Currently however the methodology in Italy is to attribute 100% of those deaths to Corona virus if a deceased person tests positive. Attributing every death to Corona would seem on face value a gross statistical error referred to as false causality. It creates the problem that the more we test people who have died or who are very sick, the more we risk elevating mortality calculations upwards ,perhaps by very large margins. In statistics it is important to never forget a simple axiom: Causality does not imply causation.
Causality does not imply causation.
It is salient to know than on average about 1800 people die in Italy every day any way- that is the baseline mortality rate. Over the last few weeks we have been seeing death rates of 600 to 800 people per day attributed to Corona but we have no data that indicates that the absolute death rate is any higher at all.
If for instance we test all people who have died, we may have positive tests in situations where the virus was not in fact the cause of death. A way to establish if there are higher rates of death attributable to Corona would be to be able to measure a direct increase in mortality above the expected. We should be able to detect an increase in absolute mortality in the range of 30 to 40%. That data, not totally unexpectedly, is not currently available, and it is unclear if and when this might occur.

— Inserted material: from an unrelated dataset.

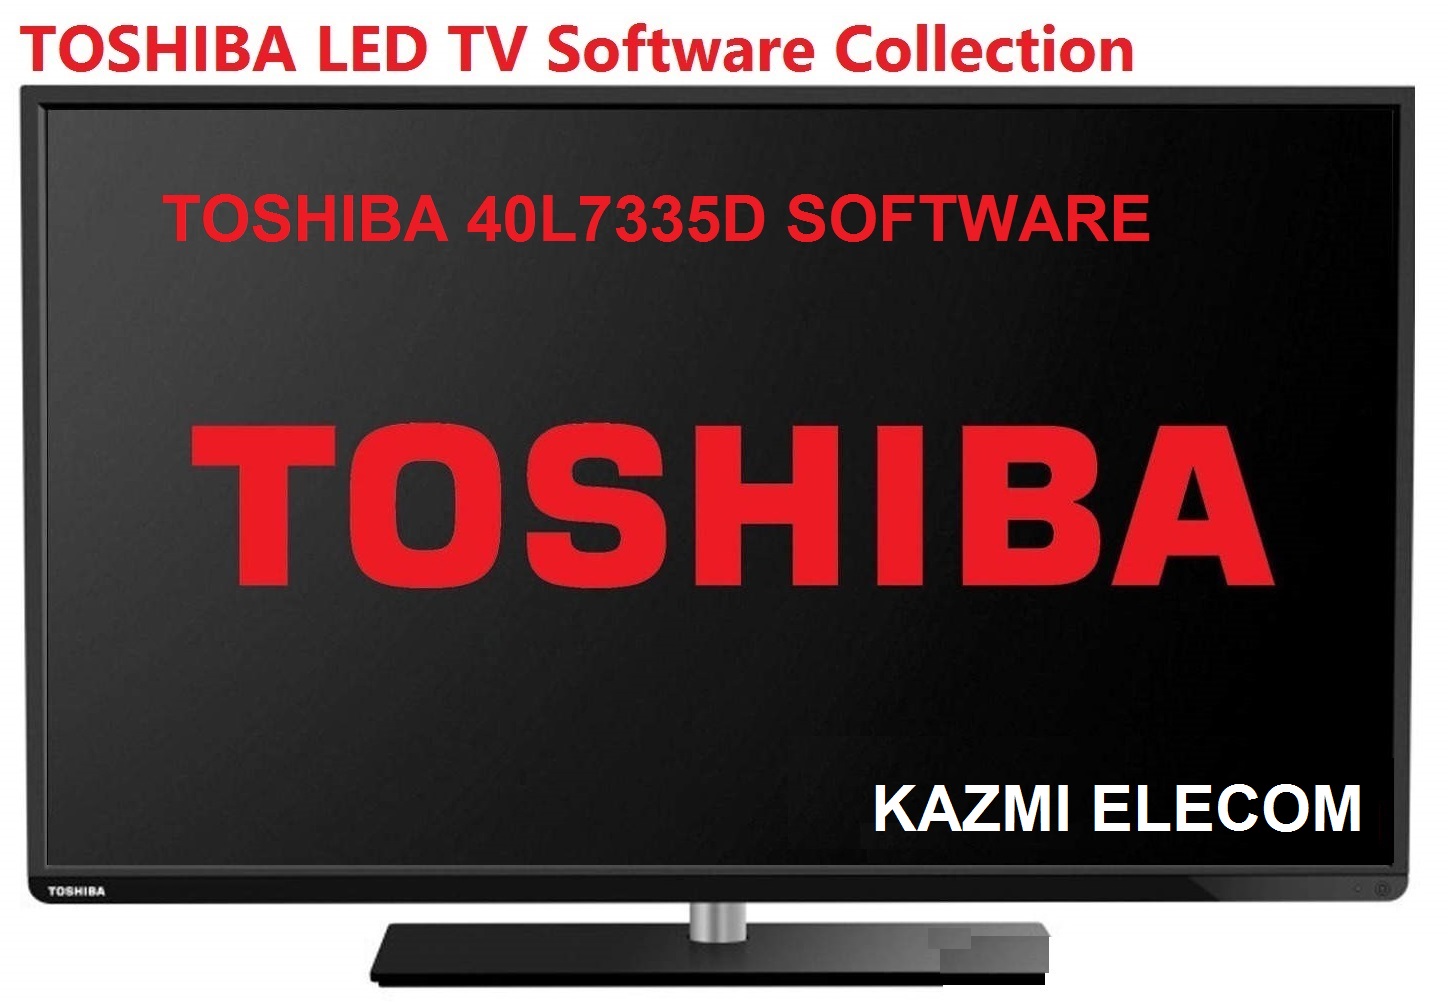 Toshiba 40L7335D

Then close correlation between age of death of corona patients with normal mortality rates brings about the question of what percentage of deaths in people who test positive for corona should in fact be attributed to the virus. If data does not end up demonstrating an appreciable risk in absolute mortality, then there is a real risk that the death rates in Italy are more due to redistribution of mortality attribution rather than areal increase in death rates due to Corona.
The most serious problem in calculating mortality however is in calculating the number of undiagnosed infections. Mortality rate is, in simplified terms, number of deaths by divided by the number infections. There are huge variations in the estimations of undiagnosed cases- ranging from two to one hundred times the rates of officially diagnosed people. The result of this is that using the exact same data as another person it is possible to get mortality rates from 4.6 % to .023%, just by altering my assumption (guess) on the rate of undiagnosed infections.
There is an interesting statistical mistake that can occur in mortality calculations based on this issue. There is a simple way to increase the mortality rate for any disease to 100%- only tests the dead. Think about it. If we diagnose a particular disease only in dead people, the mortality rate becomes 100%. If we only test very sick people I we artificially inflate mortality rates by this same process.
“The line between the sublime and the ridiculous can be only one step”. Napoleon
The concern now is that the whole global response to the pandemic has been based on an estimated lethality rate of corona of at least 3%. If we have made a statistical error due to false causality and sampling error, and the rates are much lower than this, then the validity of the whole global response is in question. If the true rate is below 1 % we are looking at a powerful, but not than unusual flu. If we start getting true rates of .3% or less we are dealing with a garden variety flu. Now if , heaven forbid, the final calculations are under .1%, we have a nasty case of athletes foot. When I crunch the figures I can get estimates as low as .02% or as high as 8% depending on the statistical slight of hand I use.
We will not know for sure about the true statistics until the crisis is well and truly over. Until that time it is prudent to remember the lessons of history. If the experts failed to head Twain’s warning we will all have been witness to what will be remembered as the single greatest statistical error in human history.
The line between the sublime and the ridiculous can be only one step, especially when it comes to statistics.